━━ Dataset entries

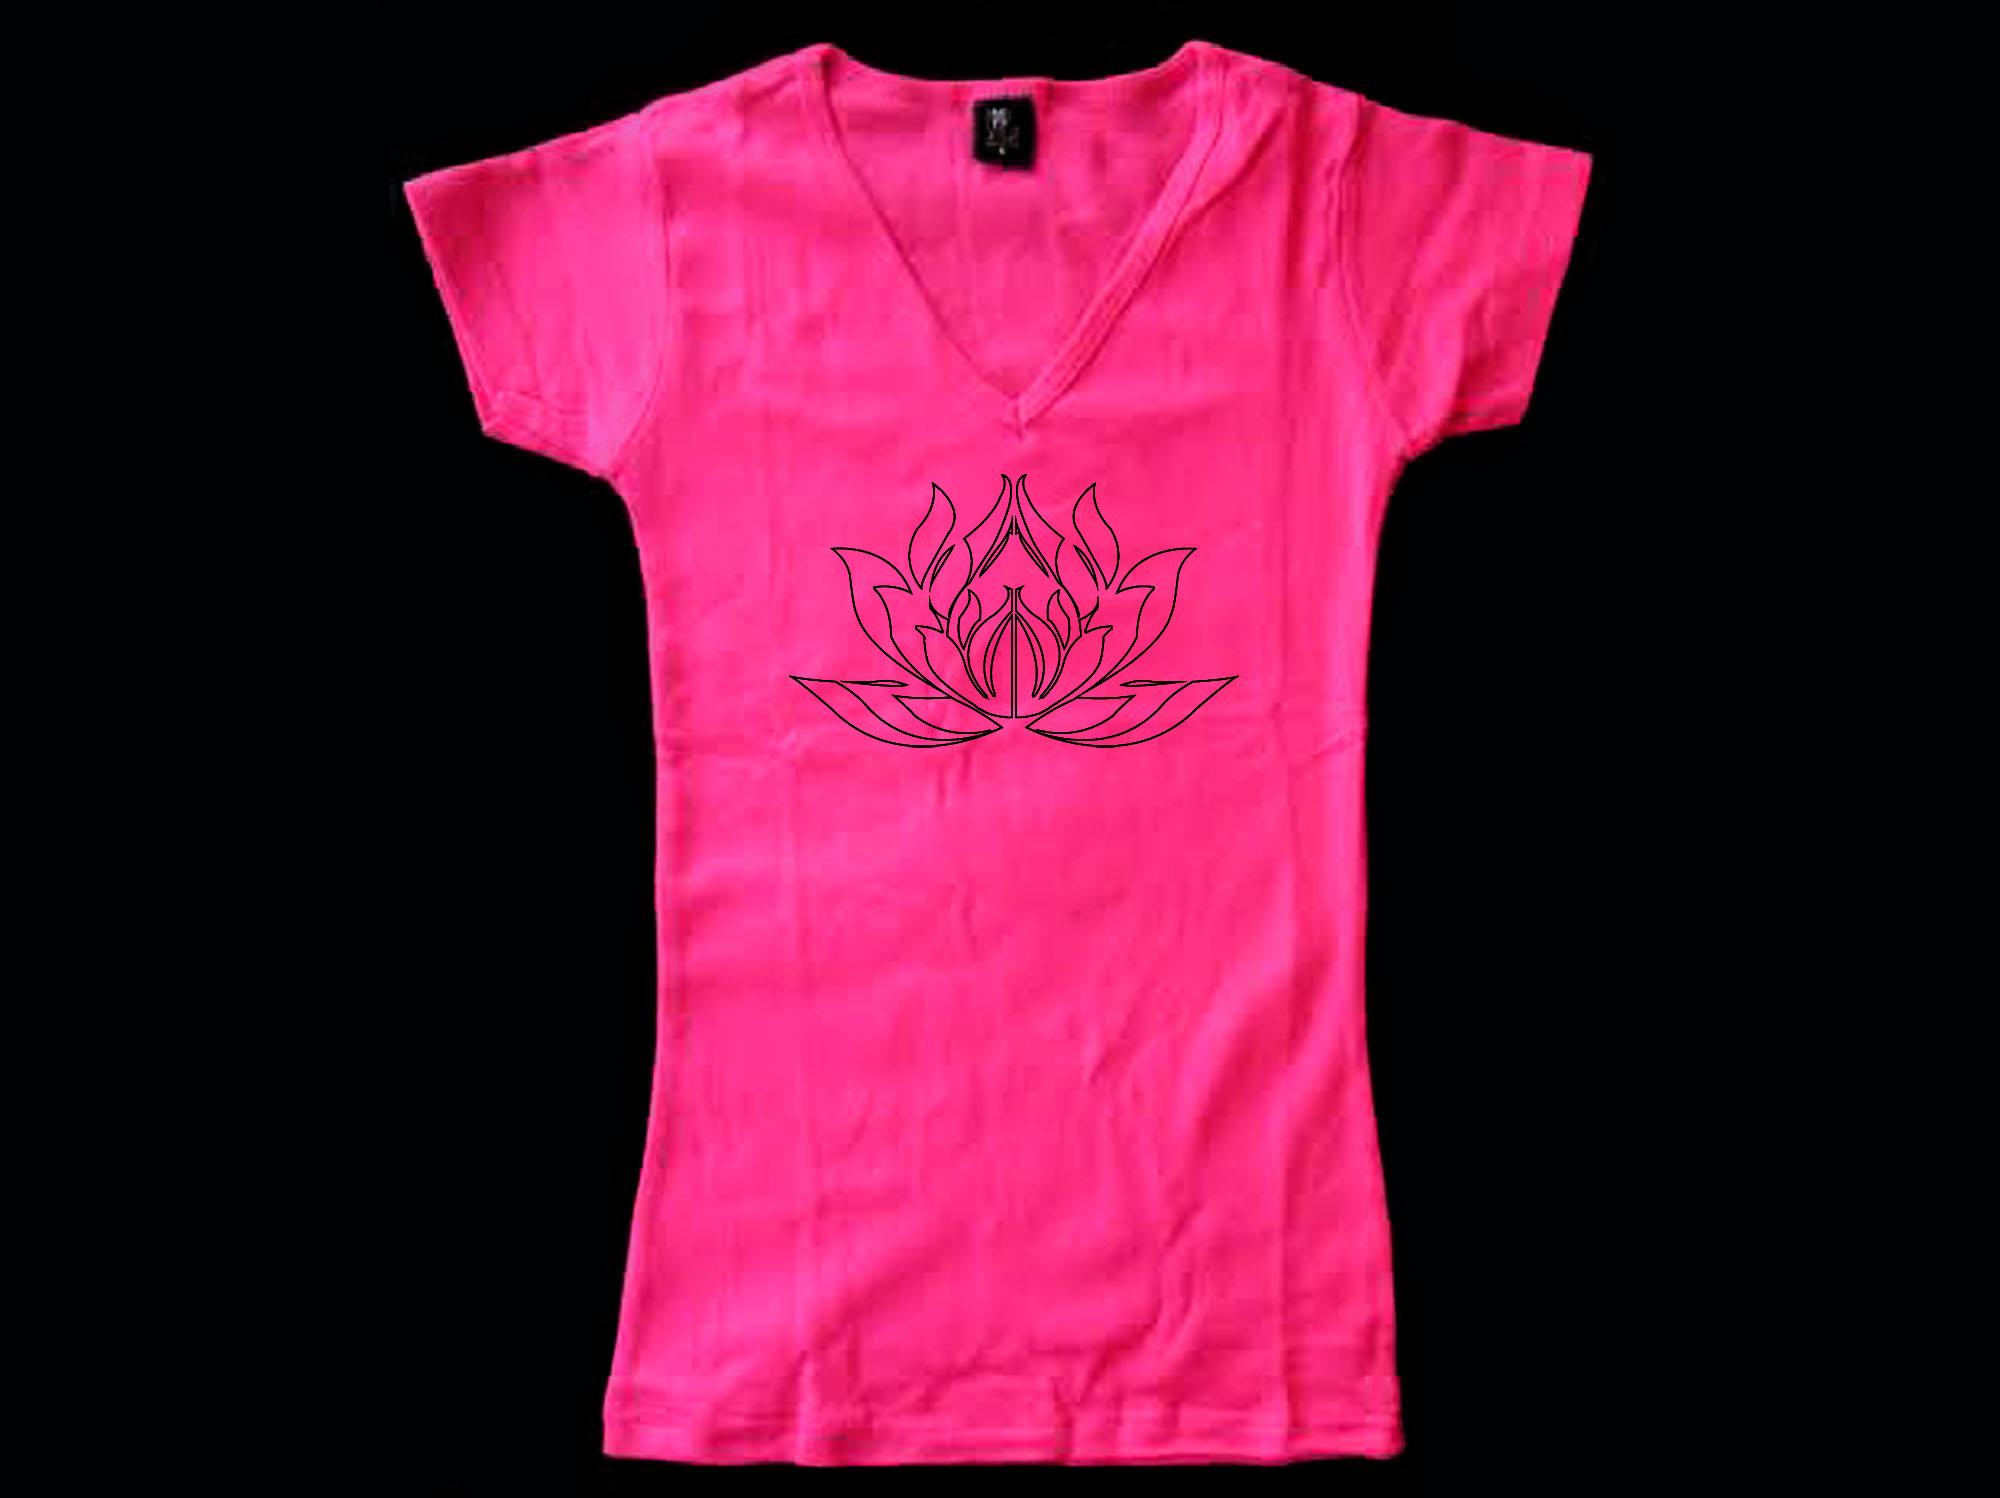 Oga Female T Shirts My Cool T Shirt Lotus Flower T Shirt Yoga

━━━━
━━ Dataset entries

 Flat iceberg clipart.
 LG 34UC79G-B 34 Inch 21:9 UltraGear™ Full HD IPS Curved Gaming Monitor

━━━━

» What is expected: Everything above from the line containing "Flat iceberg clipart." down to the line containing "LG 34UC79G-B 34" is to be transcribed exactly, with both of those lines included and nothing else added.

» Task response:
 Flat iceberg clipart.
 LG 34UC79G-B 34 Inch 21:9 UltraGear™ Full HD IPS Curved Gaming Monitor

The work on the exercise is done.